Legendary producer born in Lyon Jean-Michel Jarre debuted in the 60s writing music for films and commercials after being mentored by the father of musique concrète Pierre Schaeffer and Karlheinz Stockhausen, both defining figures in the evolution of electronic music.
Jarre is a renowned bestselling artist who has sold over 80 million albums and gathered record-breaking audiences in his spectacular shows, once drawing crowds of 3 million people in just one night. But most of all, Jean-Michel Jarre is highly regarded as one of the pioneers in electronic music, taking it out of the studios and academic research labs and onto the mass audience.

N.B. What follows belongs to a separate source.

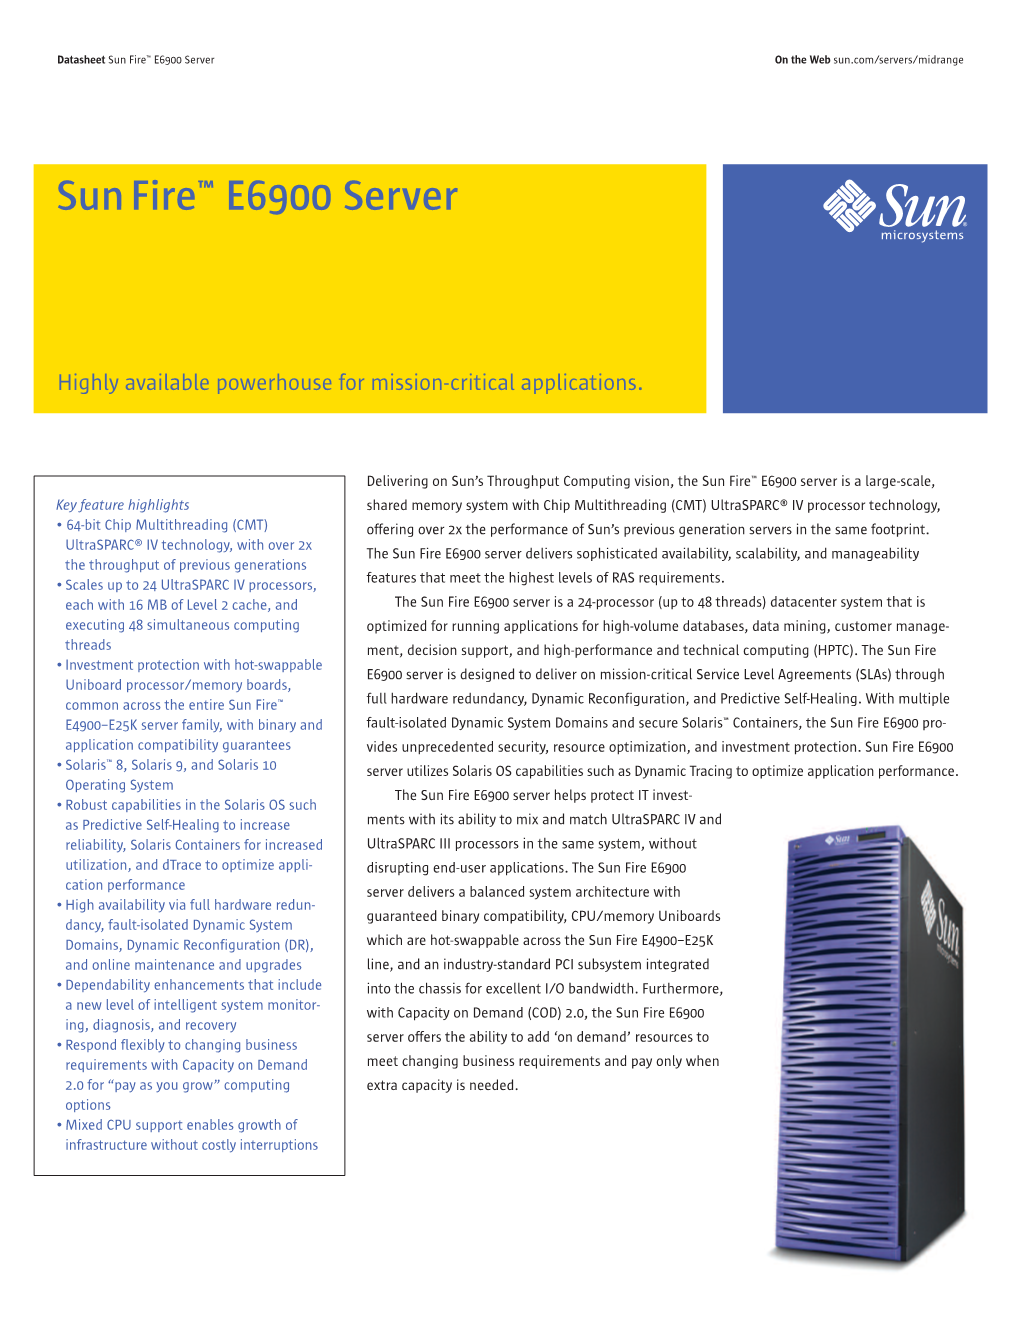 Sun Fire E6900 Server Datasheet

In his early days, instruments like the synthesizer and the sequencer were novelties that artists adopted and adapted to their workflow without any preconceptions, motivated by the desire to experiment. Back then, playing live certain electronic music compositions was not easy since it was hard to carry all the modular equipment of that time and use it on stage. Jarre was able to kill two birds with one stone. First, he wrote very melodic themes influenced by pop music that brought those new sounds closer to a massive audience. Then, Jarre laid the foundations of today’s tech shows merging music and visual elements in perfect synchrony, thus creating an indivisible whole with the purpose of making an impact on the spectator. Jarre redefined the role of a performer who does not sing but still occupies a central space of the stage by using music devices that are a show by themselves such as the iconic laser harp or his circular light keyboard, highlights of some of his most celebrated concerts.
In conversation with electronic music journalist Philip Sherburne, Jarre will discuss his musical evolution, the way he has shortened the gap between the general public and the use of avantgarde technology in live shows, what are his current interests in terms of creative languages for sound and the ideas and collaborations behind his latest two albums.
Jean-Michel Jarre will exclusively premiere his latest show at Sónar By Night based on the two volumes of ‘Electronica: The Time Machine’.